With the overt Hitchcockian influence in the film, it is surprising to note that the title is not an intentional play on THE WRONG MAN. “I didn’t know there was a film called that,” said Park. “It’s funny, because I’m into Hitchcock films very much. I was aiming to get something of a B-movie thriller feel to it, like THE THIRD MAN.That’s not exactly a B-movie, but I love that sort of title.”
In keeping with the Hitchcock tradition, Park presents two marvelous, visual set pieces, so brilliant in their execution that they almost justify themselves quite apart from how they fit into the story. The first is the sequence wherein the penguin uses Wallace, in the “Techno Trousers” (a robotic NASA invention), to steal a diamond from a heavily guarded museum. Park then tops that with an uproarious chase atop a model train. “I tend to be more visually led, and I just loved the way the penguin fit onto the train. In fact that whole sequence was a kind of ‘set piece’ we had on the shelf which might have been used in the plot and might not, because I had many different ideas.”
Feathers McGraw, the felonious villain of the piece, also goes back to Park’s art school sketchbook. “I had this idea of a bunch of penguins coming to stay with Wallace and Gromit; then I wanted to strip that idea down to one penguin and use it as the basis for this new story. At first, he was going to get up a lot of mischief and get on Gromit’s nerves, basically. Then somebody said, ‘Why not make him a kind of hardened criminal living undercover?’ That fit in with the Hitchcock idea — the kind of strange lodger who comes and goes without saying anything, and you wonder what he’s up to. That element started to come out and form the story.
“I just wanted a villain that was the most unlikely,” Park continued. “There’s something about Wallace and Gromit that goes back to the English tradition like the Ealing comedies [which include such crime-ridden comedy classics as 1949’s KIND HEARTS AND CORONETS, 1951’s THE LAVENDAR HILL MOB, and 1955’s THE LADYKILLERS]. That’s a feeling I tried to capture — that there’s something just quirky about the story. I tried to inject unlikely things into the story, like the Techno Trousers and the penguin, always having a twist so that nothing’s predictable. Whenever the story is doing what you think it should, then don do it; take it somewhere else. Don’t let anyone have quite what they’re expecting.”

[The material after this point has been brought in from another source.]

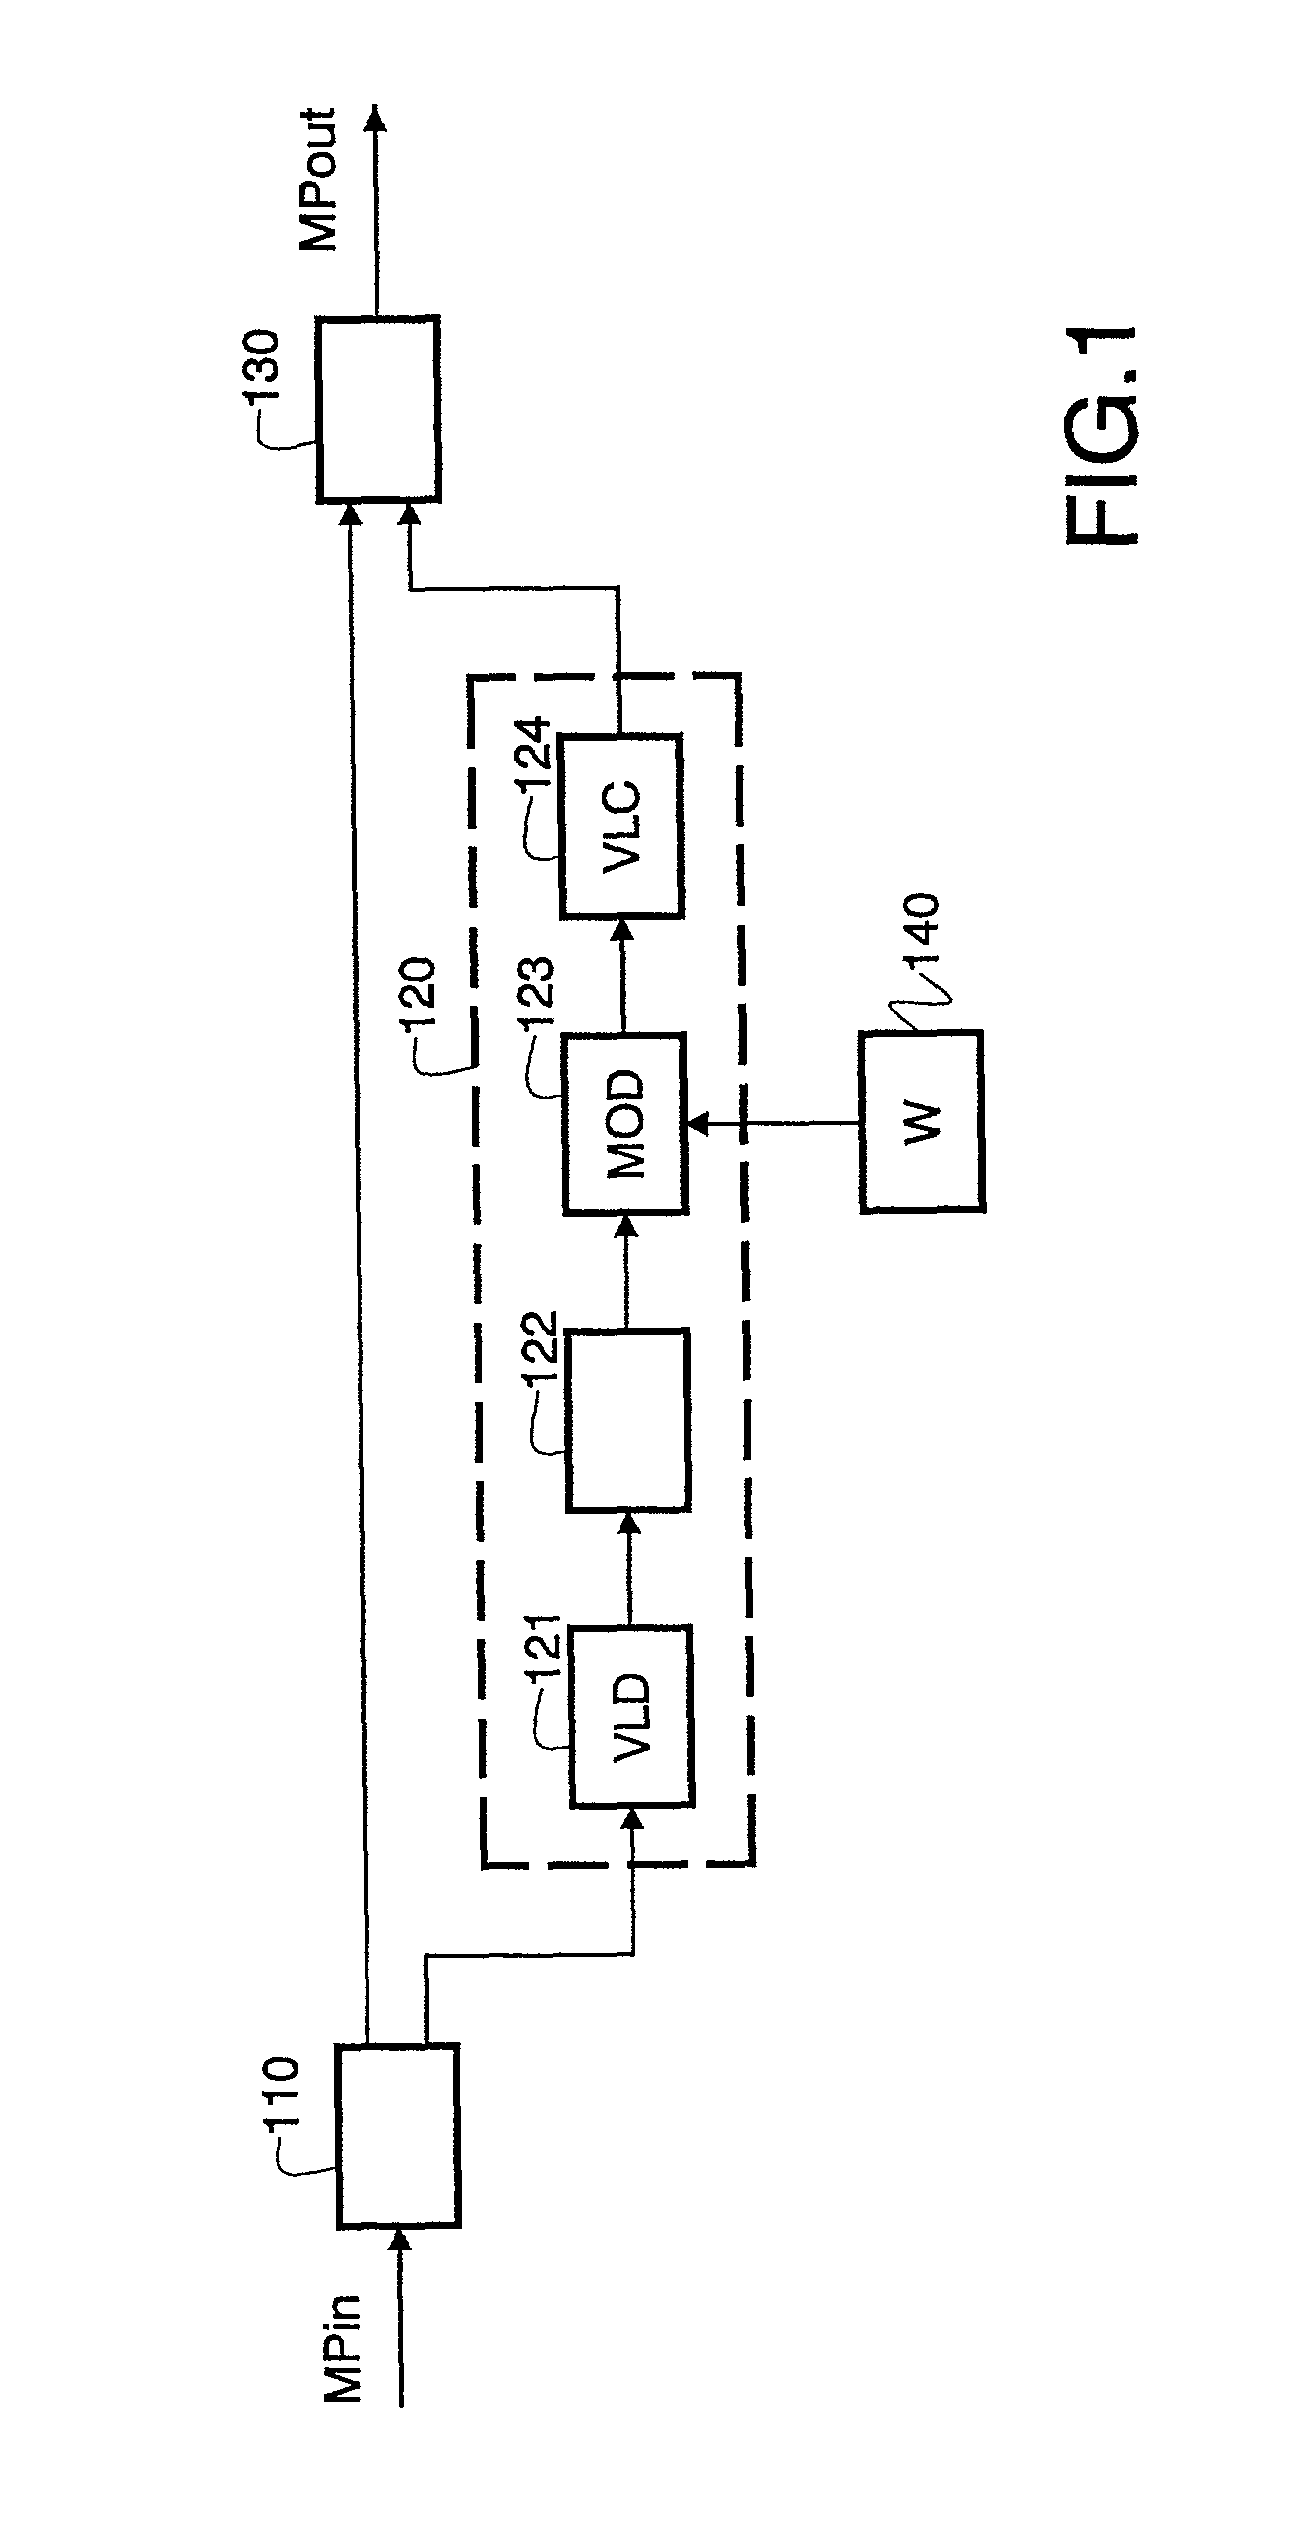 Watermarking a compressed information signal

After the success of THE WRONG TROUSERS, there was no doubt that the adventures of Wallace and Gromit would continue, but there was some question as to what form their future films would take. In particular, Park was concerned about not ruining the characters in a rush to cash in on them. “We are talking about some of the ways it might go,” Park said at the time. “We have a lot of interest in doing more films; I feel the iron’s hot and ready to strike. We’re talking about a longer film at the moment, though what the actual length would be we don’t quite know. It could be 50 minutes long; it could be a TV movie or even something longer. We’re working on a script with Bob Baker again, a 75-minute story that we may very well condense down. We think we probably could get the feature film money for it, but it’s a matter of: the more money there is, the more commercial pressure there is, and with these two characters I think they’ve got to be handled sensitively, not driven by people in suits saying what they should be doing and what kind of market they’ve got to appeal to, because I think it would destroy them.”